There are inconsistencies found in the research as no system has been found that always plays a role in OCD
These neural changes could be as a result of suffering from the disorder, not necessarily the cause of it
Goldacre points out that most research studies on drug therapies are conducted by the pharmaceutical companies that created them. This means the companies have a financial interest in showing the drugs are effective; this, and the file drawer problem (the fact that many negative results stay unpublished), means any metanalysis may be skewed, and drug therapies may not be as effective as claimed.
Many patients prefer CBT; one reason is drug therapy can have a range of potential side effects; in the Soomro meta-analysis, it was found nausea, headache and insomnia were the most common side effects. Also, with drug therapy, it can take four months before the patient experiences symptom reduction, and patients can become dependent on the drugs.
Drug therapies may only cover up the symptoms of OCD, not treat the cause. It’s argued serotonin imbalance is a result of OCD, not the cause. This means the origin of OCD may not be biological but, instead, be due to a traumatic experience. Cromer (2007) showed 54% of 265 participants with OCD reported at least one traumatic life event, and those with traumatic life events reported increased severity of OCD symptoms.
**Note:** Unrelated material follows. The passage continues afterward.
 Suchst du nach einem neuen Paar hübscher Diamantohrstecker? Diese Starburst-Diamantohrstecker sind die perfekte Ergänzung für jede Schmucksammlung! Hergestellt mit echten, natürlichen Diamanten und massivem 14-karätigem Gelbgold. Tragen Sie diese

This suggests drug therapy may only be a temporary solution, and psychological therapies that address these traumatic life events may be a more effective long-term treatment.
what are three studies which show that OCD is caused from biological factors
• Billet et al. (1998 ) and Bellodi et al. (2001) laim that genetic factors play a role in the development of OCD: Using evidence from twin studies and family studies, they showed that close relatives are more likely to have the disorder than more distant relatives.
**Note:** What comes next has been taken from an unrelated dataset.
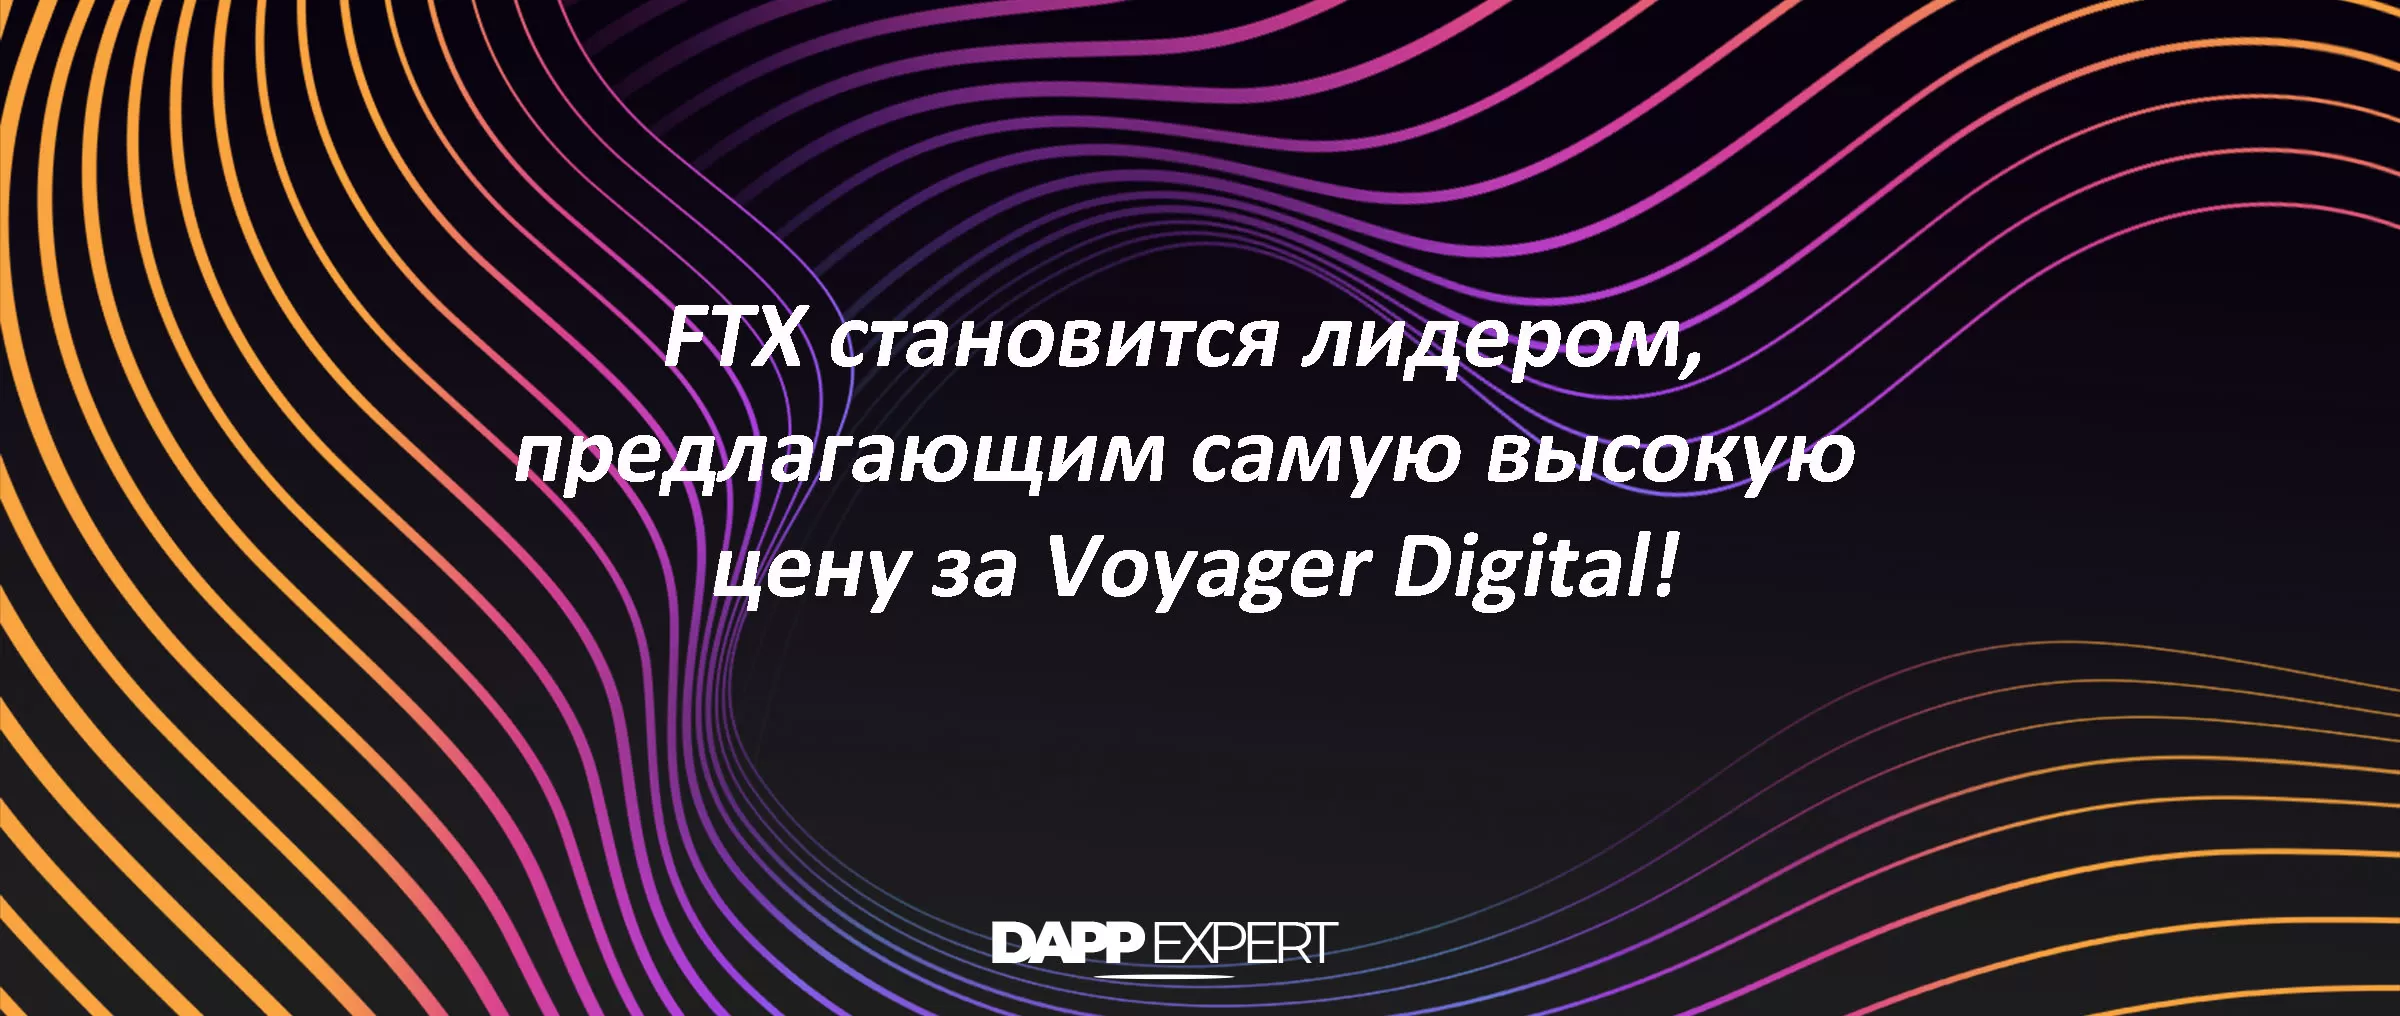 FTX становится лидером, предлагающим самую высокую цену за Voyager Digital!

• Mckeon and Murray (1987)- patients with OCD are more likely to have first degree relatives who suffer from anxiety disorders.
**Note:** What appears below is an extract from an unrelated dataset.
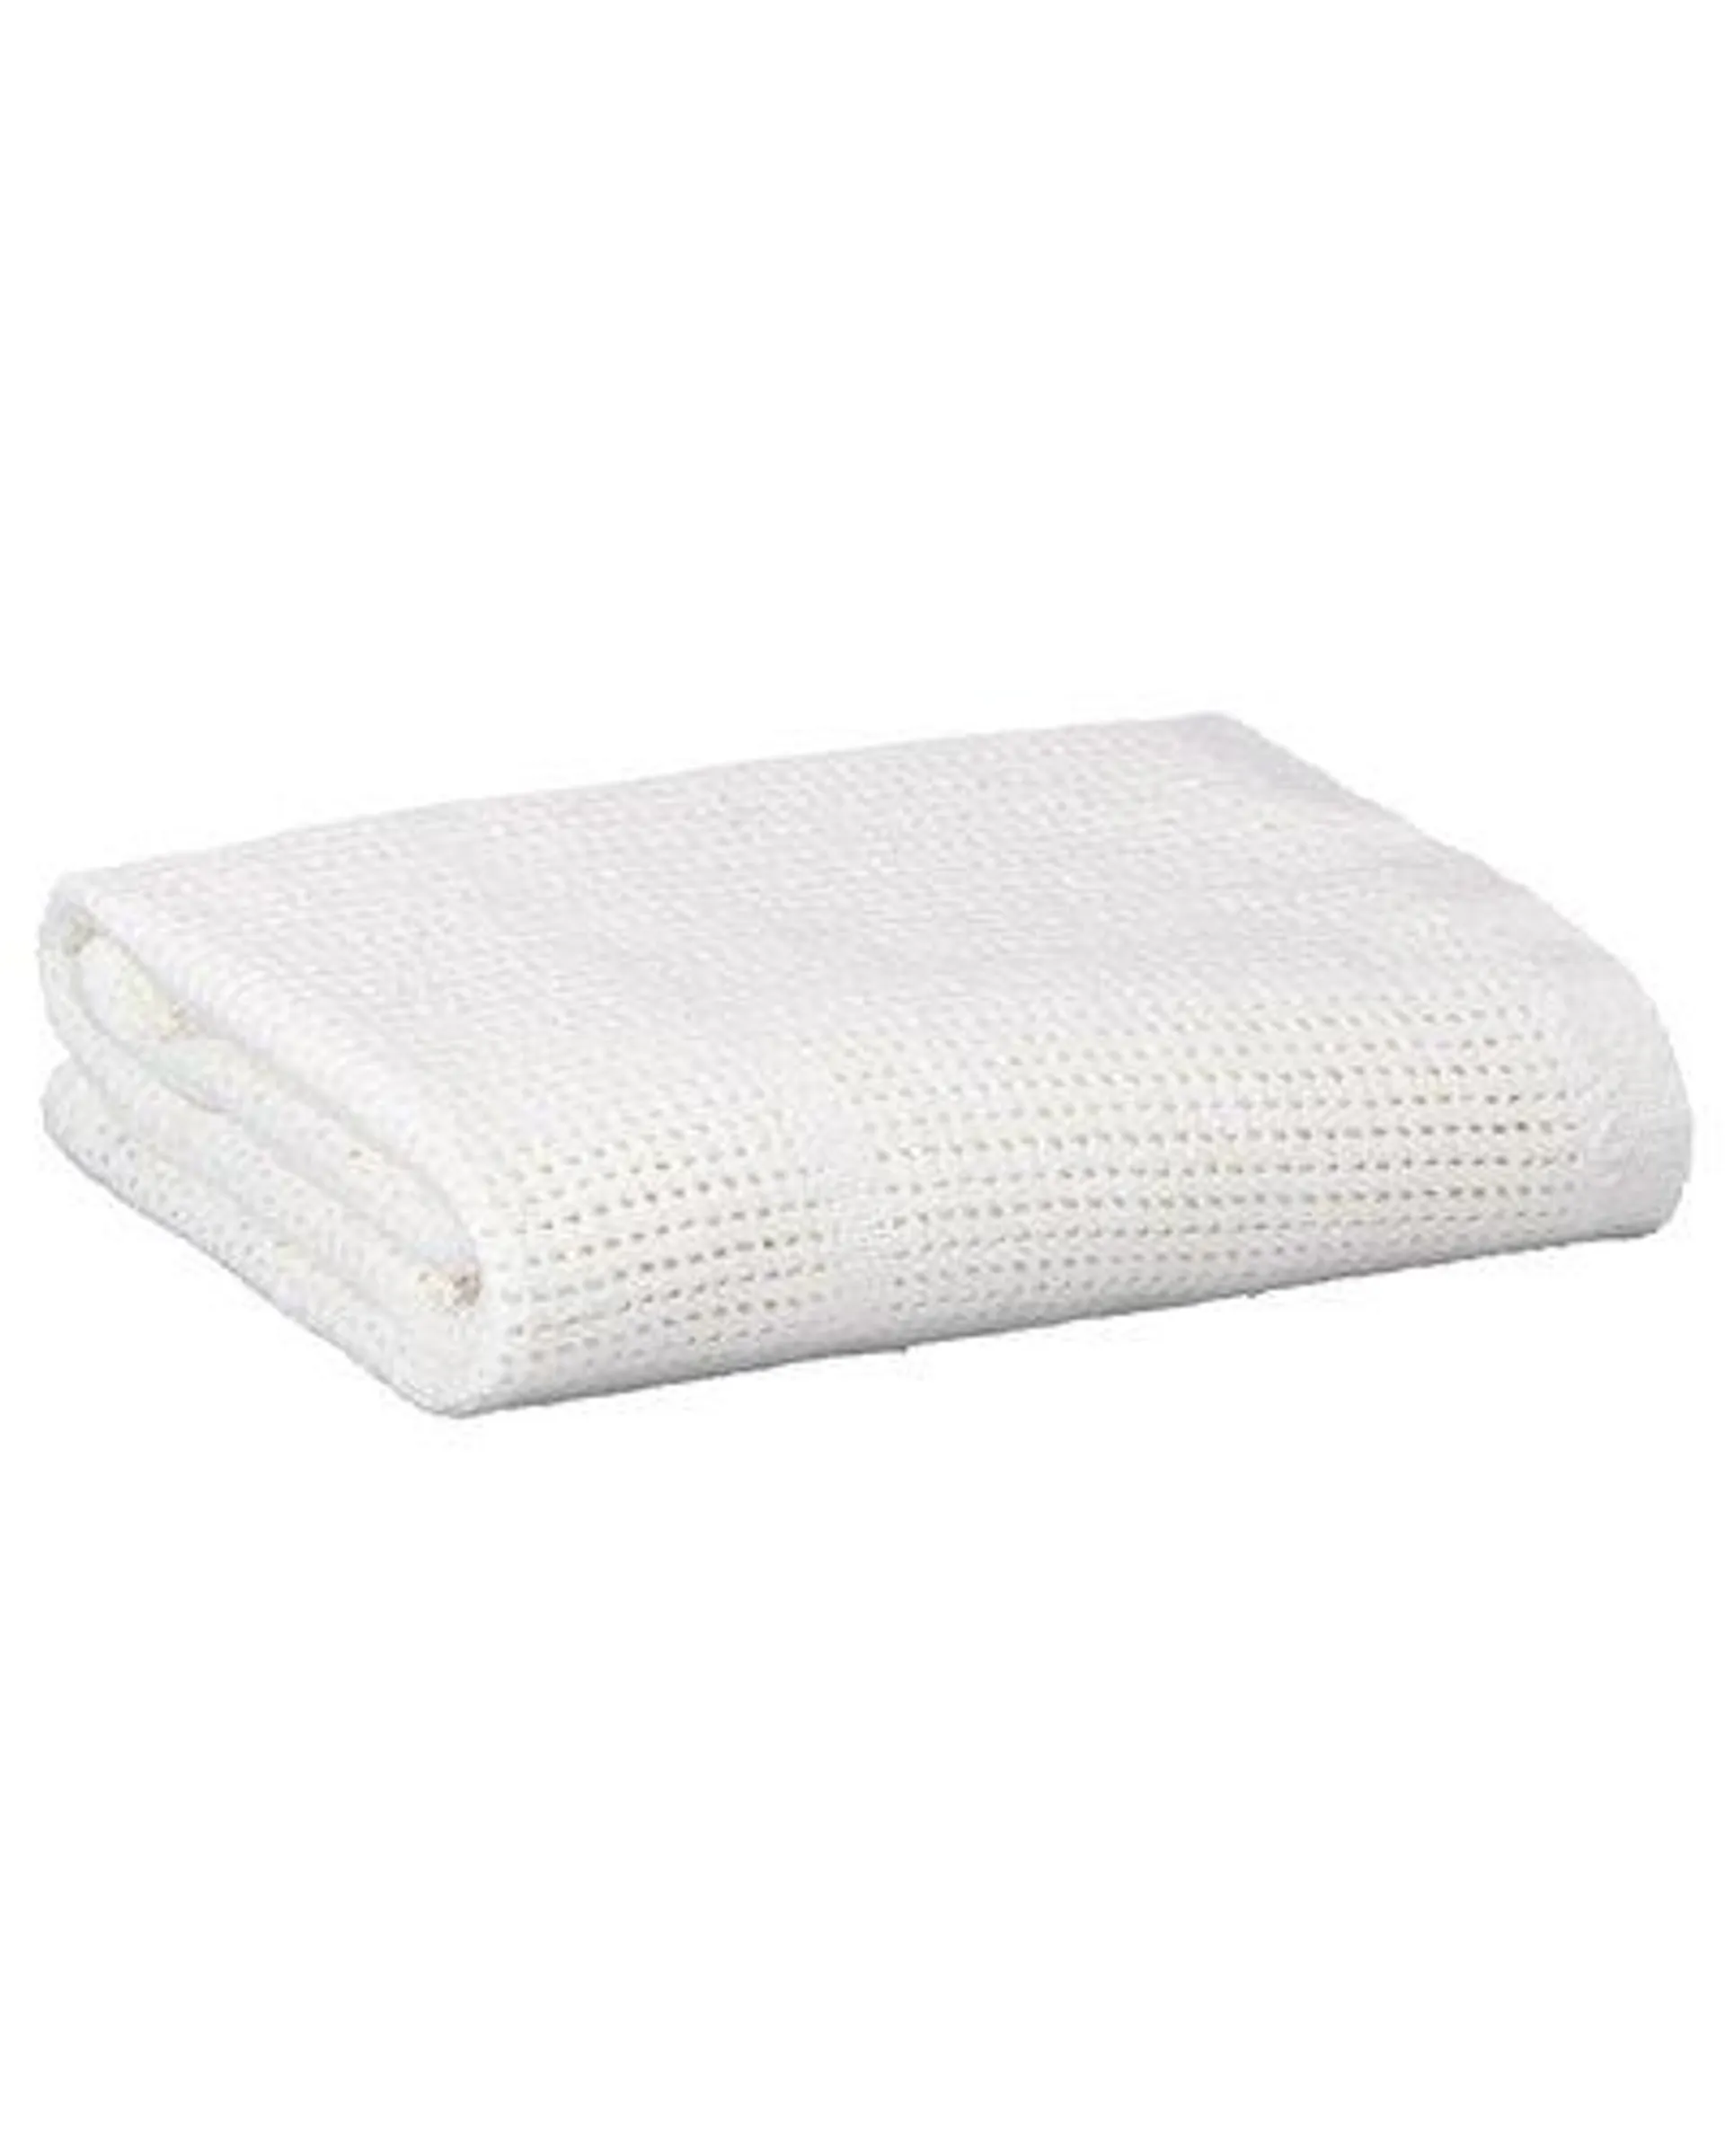 Horrockses 100% Cotton Panelled Cellular Blanket 180 x 230 - White

• Lewis (1936) and Pauls et al. (2005) there is a higher percentage of OCD sufferers in relatives of patients with OCD than in the control group without
OCD.
Define obsession
A persistent thought, idea, impulse or image that experienced repeatedly, feels intrusive and causes anxiety
Define compulsion
A repetitive and rigid behaviour or mental act that a person feels driven to perform in order to prevent or reduce anxiety
What are the DSM_5 categories of OCD
The DSM recognises OCD and a range of related disorders:
• OCD - characterised by obsessions and/or compulsions
• TRICHOTILLOMANIA - compulsive hair pulling.
• HOARDING DISORDER - the compulsive gathering of possessions and the inability to part with anything regardless of its value
• EXCORIATION DISORDER - compulsive skin picking.
What does the DSM describe the main symptoms of OCD as
Recurrent obsessions and compulsions
Recognition by the individual that the obsessions and compulsions are excessive and/or unreasonable
That the person is distressed or impaired, and
What are some characteristics of OCD
Behavioural: how a person acts (behaves) which typically leads to the carrying out of repetitive actions to reduce anxiety. This often leads to avoidance of situations that trigger anxiety.
Emotional:
• OCD may feel depressed and/or other negative emotions
• Guilt and disgust
Cognitive:
• OCD sufferers are usually plagued with obsessive thoughts. They also tend to develop cognitive strategies
• Anxiety
Explain aetiologically heterogenous
The origin of OCD has different causes.
Different genetic variation or genes cause the disorder in different people.